Starting at approximately 3 AM UTC today, BunnyCDN suffered an unfortunate 1-hour system-wide outage. This was a result of a chain of events that all started with a DDoS attack aimed at our backend and API server and a combination of a bug in our DNS network. We would like to apologize to everyone affected and assure you that we are already hard at work on preventive measures so that this does not happen again in the future.
So what exactly went wrong?
As always, we want to provide a full insight into what happened.
Starting at 3 AM UTC we first began receiving notifications about a problem with our network. After further investigation, we found out that there was a DDoS attack taking place targeting the BunnyCDN API and backend server. The attack was getting filtered, but we later found out that it prevented our backend server from performing DNS queries against Google's nameservers in order to connect to the database. Although our CDN system was designed to run completely independent from the backend server, as a result of requests timing out, this triggered a memory leak bug in our DNS software. Over the course of approximately 15 minutes, this resulted in a slow death of all the global DNS nodes and a resulted in a worldwide outage.
We immediately went and attempted to restart the backend server, however, due to the DDoS attack Google's DNS was still unreachable and it seemed like the database was still not responding. To remedy the situation, we attempted a physical restart of the machine, but for yet an unknown reason it failed to boot and start back up multiple times which caused additional delays. At around 4 AM UTC, we finally managed to bring the web server back up and attempted to switch the DNS resolvers to one provided by our hosting partner that was not being filtered out by the DDoS protection. This did the trick and brought the system back online. We immediately restarted the DNS network and all the software running on the edge nodes and the traffic began flowing from the edge nodes. Finally, the sudden surge of data accumulated while the CDN system was offline then cashed our metrics server, but that was then quickly restarted and brought back online. At this point, the whole system was back up and running again.
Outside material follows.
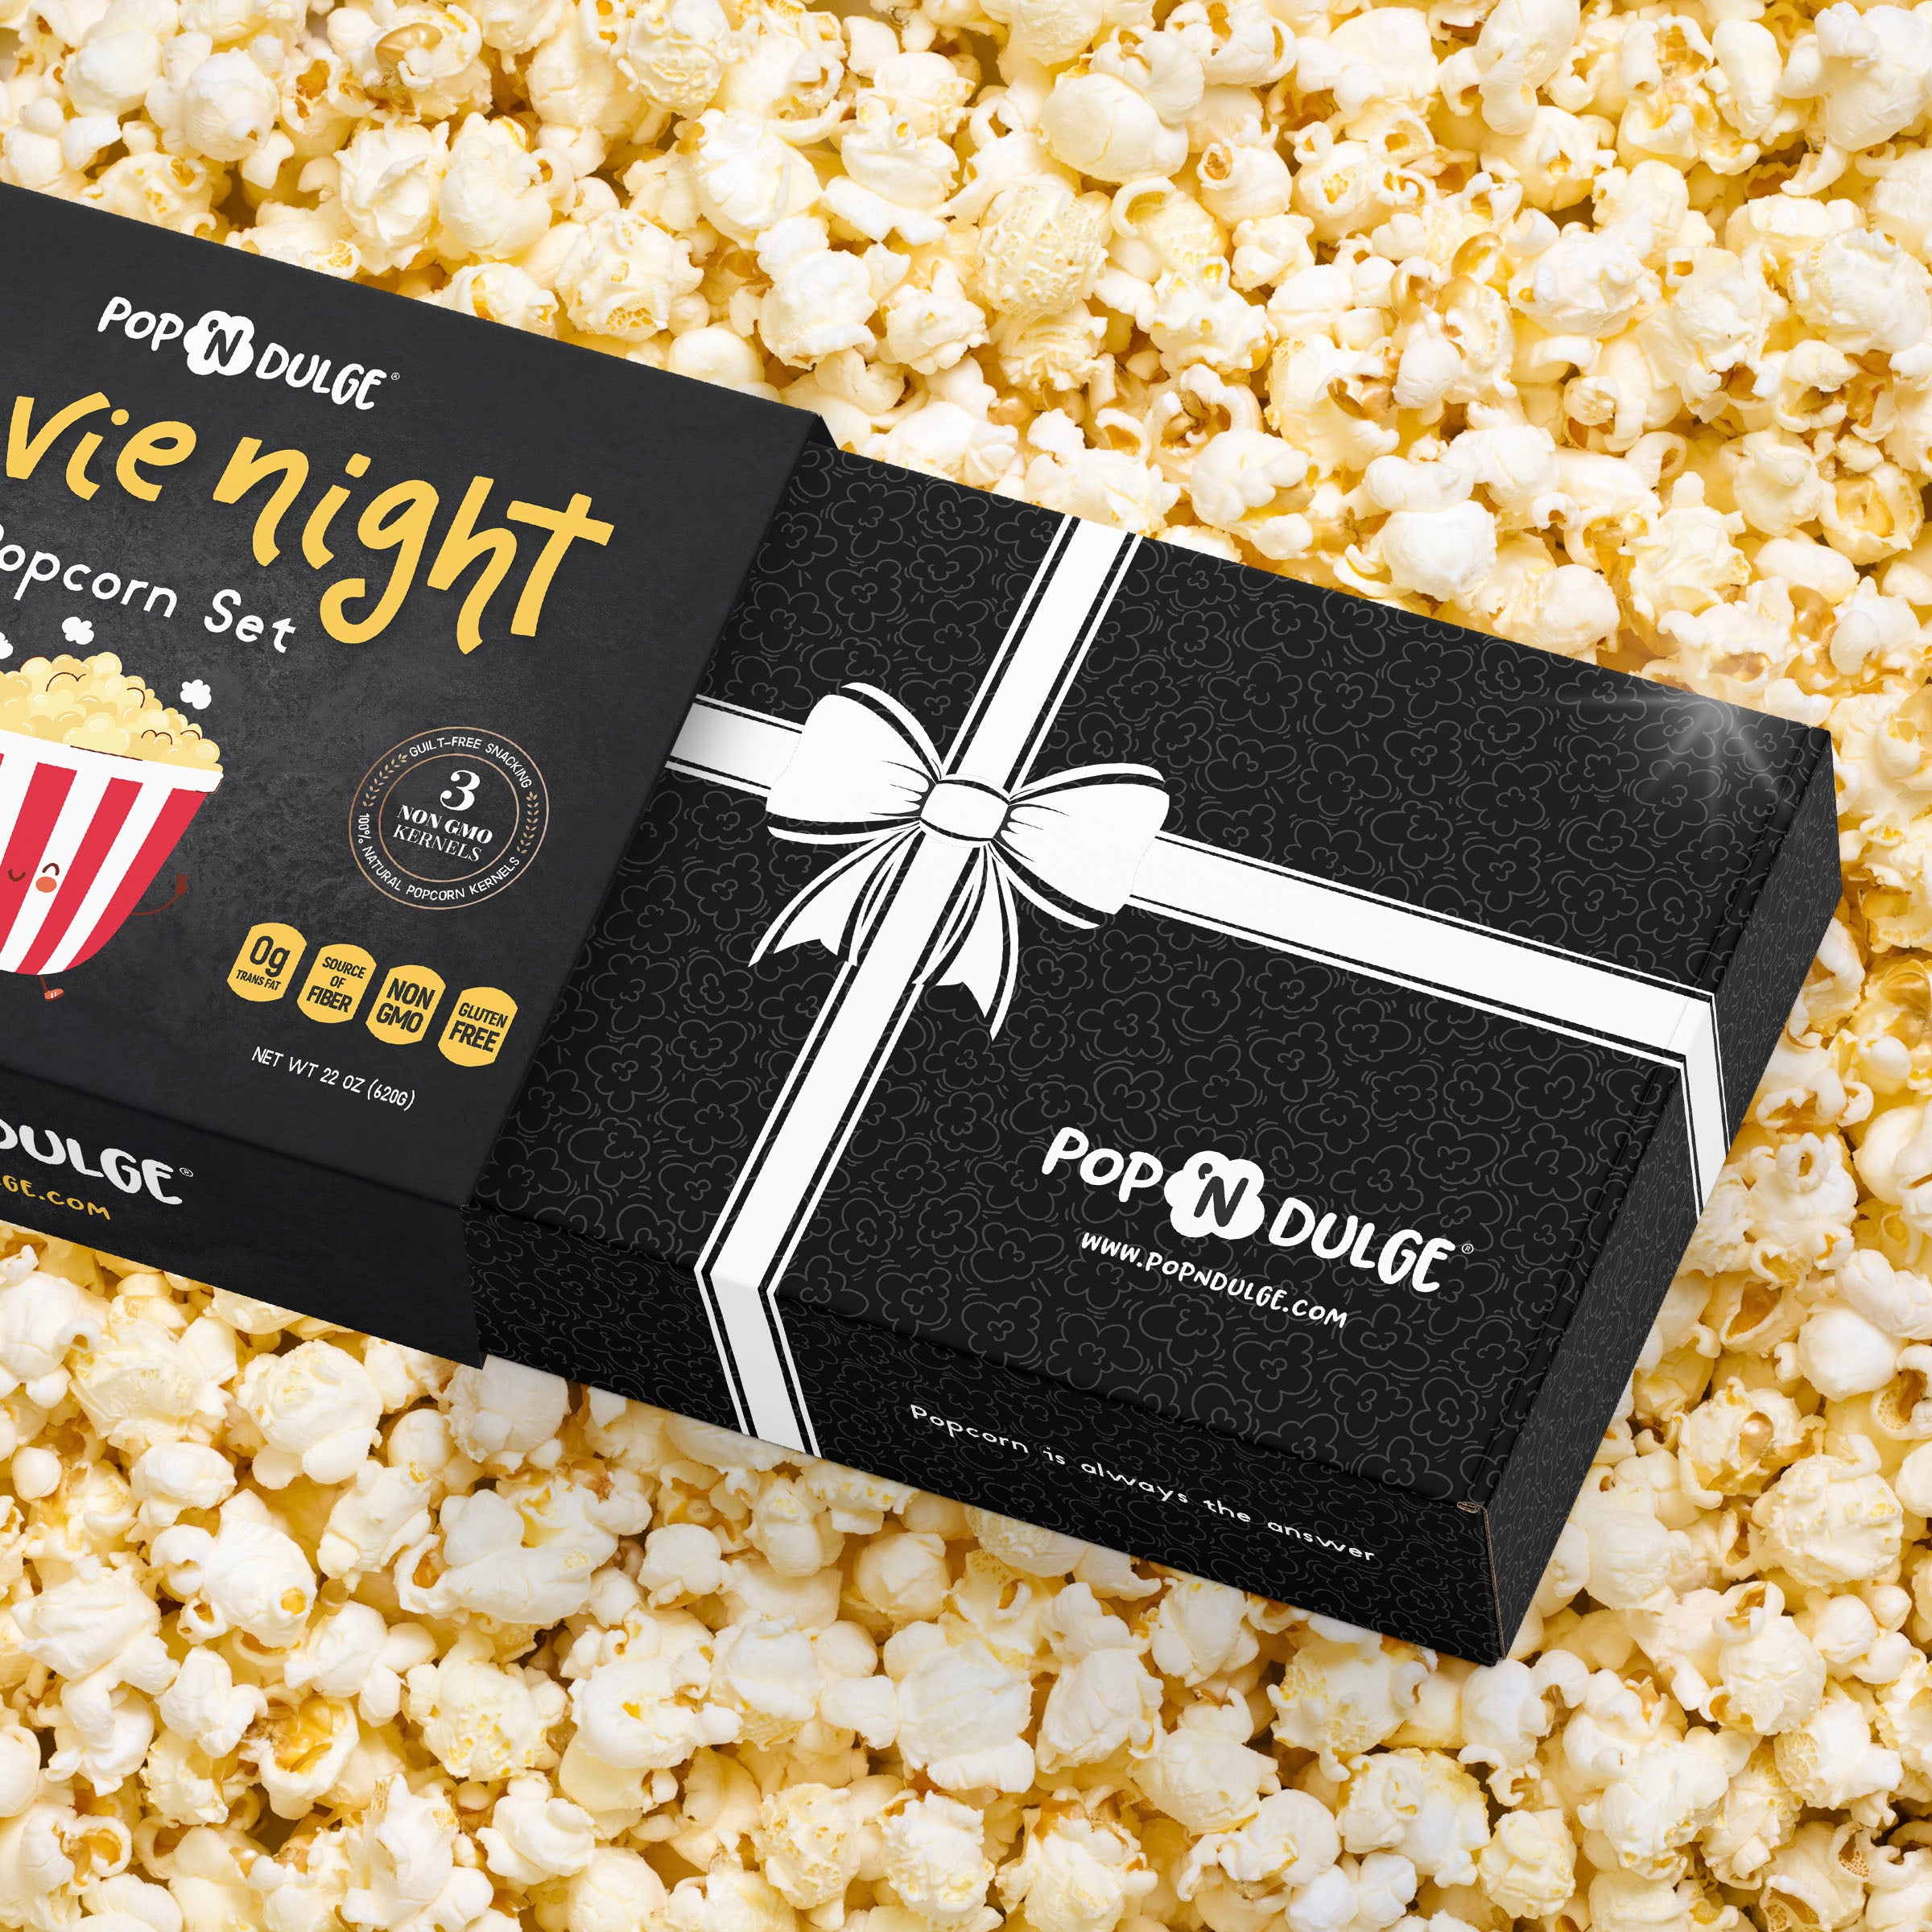 Prepara Popcorn Popper Gift Set

What are we doing to prevent this in the future?
We want to learn from our mistakes and make sure to improve based on the experience. The first thing we are doing is making sure that the DNS servers are completely independent of the backend system and finding out why this was not the case during the incident. Our system was designed to not have a single point of failure and we want to make sure this remains true under all circumstances. We will also be moving our internal API to a different server that will not be publicly exposed.
Finally, we would like to apologize to everyone for the downtime and thank everyone for their patience while the incident was underway. We take any downtime very seriously and are constantly trying to improve the service and we will take the knowledge gathered from this and try to make BunnyCDN even better.